Eph Receptor Tyrosine Kinases Are Functional Entry Receptors for Murine Gammaherpesvirus 68.

Interactions between viral glycoproteins and cellular receptors determine virus tropism and represent promising targets for vaccines. Eph receptor tyrosine kinases are conserved receptors for the human oncogenic gammaherpesviruses, Kaposi sarcoma herpesvirus (KSHV) and Epstein-Barr virus (EBV), and mediate entry into target cells by interaction with the viral gH/gL glycoprotein complex. To evaluate the use of murine gammaherpesvirus 68 (MHV68), a natural pathogen of rodents, as an in vivo model system for early events in gammaherpesvirus infection, we characterized the interaction of the MHV68 gH/gL complex with Eph receptors. We demonstrate a direct interaction of MHV68 gH/gL with EphA4 and EphB3, that is conserved between human and murine receptors. Pre-incubation of MHV68 inocula with soluble decoy receptors decreased infection of permissive fibroblasts. Ectopic expression of EphA4 and EphB3 enabled MHV68 to infect otherwise non-permissive human B cells, demonstrating EphA4 and EphB3 receptor function. Targeted mutations informed by protein structure predictions demonstrate that the MHV68 gH/gL-Eph interaction is determined by domain I (D-I) and follows structural motifs previously described in the KSHV gH/gL-EphA2 complex. The importance of gH D-I is further highlighted by the analysis of gH-targeting neutralizing antibodies.
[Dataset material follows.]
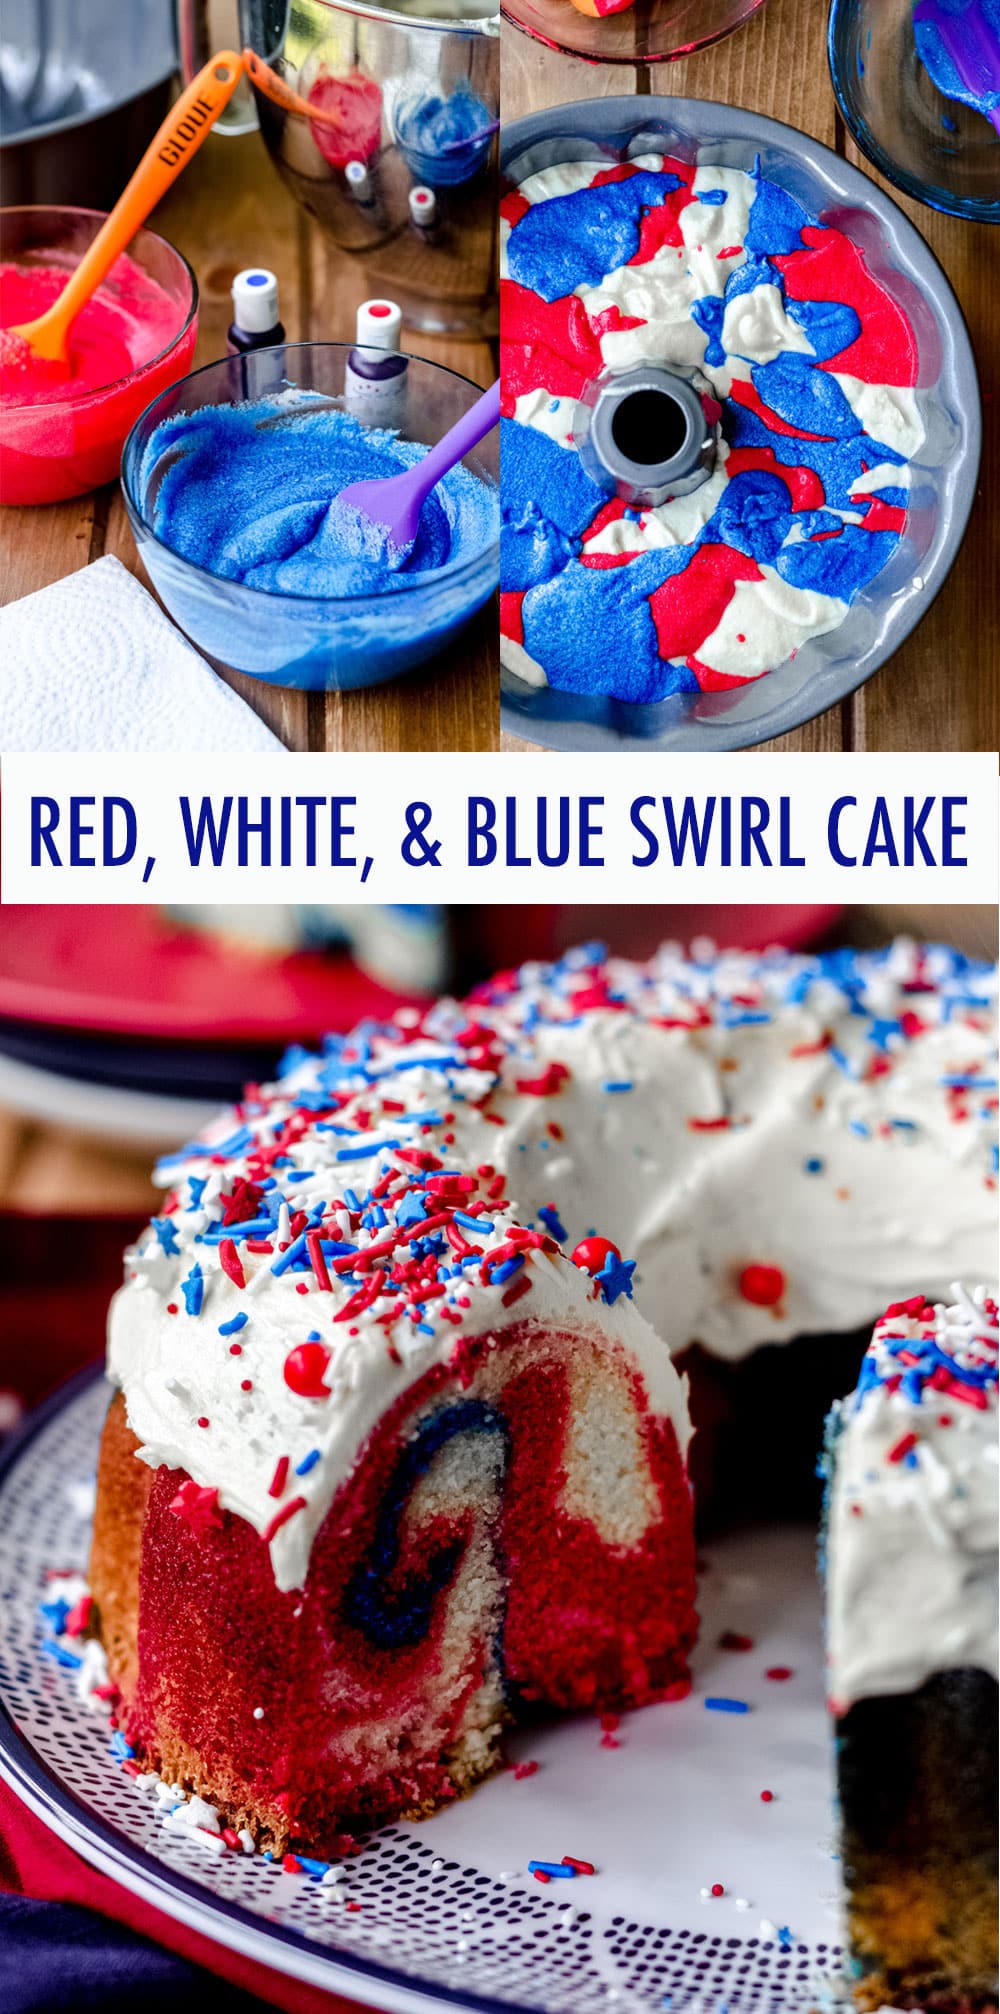 Classic white cake, swirled with colored batter for a patriotic flair. Change up the colors to match your occasion! via @frshaprilflours

Antibody adsorption via the full gH ectodomain or gH D-I led to comparable reductions in neutralization capacity of serum from WT infected mice, indicating the Eph-binding domain is a major target for gH/gL-directed neutralizing antibodies. Our study characterizes Eph receptors as novel interaction partners and entry receptors for MHV68. Conservation of entry mechanisms provides the basis for future in vivo analyses of the contribution of Eph receptors to cell-type dependent MHV68 infection, as well as targeted strategies to prevent transmission and diseases associated with chronic infection.